Greening the Gap: Rhetoric, Literature, and the Environment

full name / name of organization: 
Northeast Modern Language Association (NeMLA)

Tensions between rhetoric and literary studies are long-standing. For example, poetry and other types of literary texts were subsumed by rhetoric for the greater part of two millennia. However, a shift in 20th-century values led to the canonization of literary texts; consequently, English departments today prioritize literature (however you might define it) over rhetoric. Why are rhetoric and composition considered "low arts"? Why do academics fight to teach literature classes available, but complain about teaching composition? What does an English department "do" anyway? These kinds of questions and concerns have led many contemporary English departments to hunker down in their respective camp. But is this divide necessary or useful?

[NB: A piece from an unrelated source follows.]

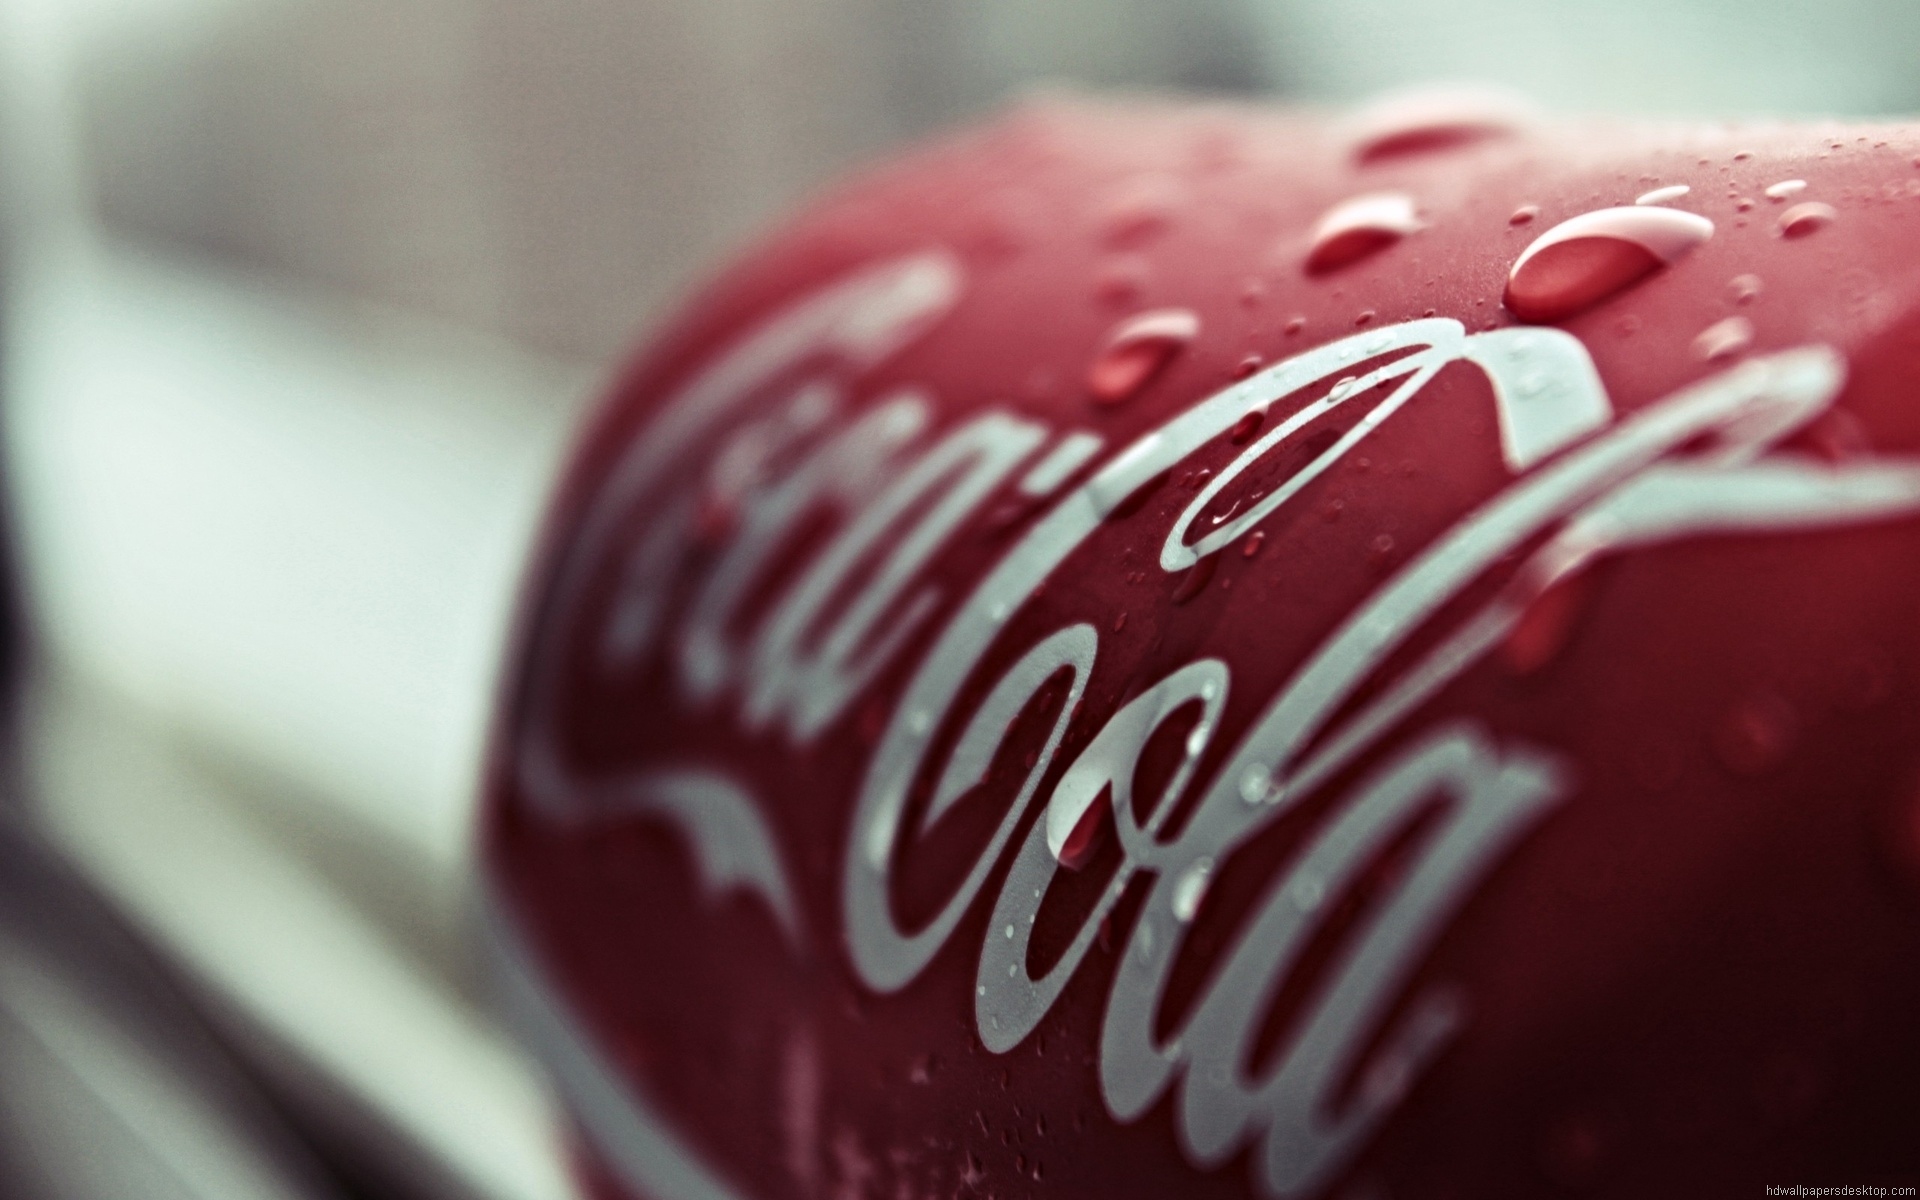 Fonds d'écran Coca Cola : tous les wallpapers Coca Cola

In My First Summer in the Sierra, John Muir writes "When we try to pick out anything by itself, we find it hitched to everything else in the Universe." This panel draws inspiration from the inter- and extra- disciplinary model provided by the environmental movement, which relies heavily on the skills and assets of various types scholars. What are the inter- and extra- disciplinary strategies of the environmental movement: how do they apply to English departments? How might we use this model to "green the gap" between composition, rhetoric, and literary studies? Can they inform one another in the classroom and in scholarly practice? In what ways?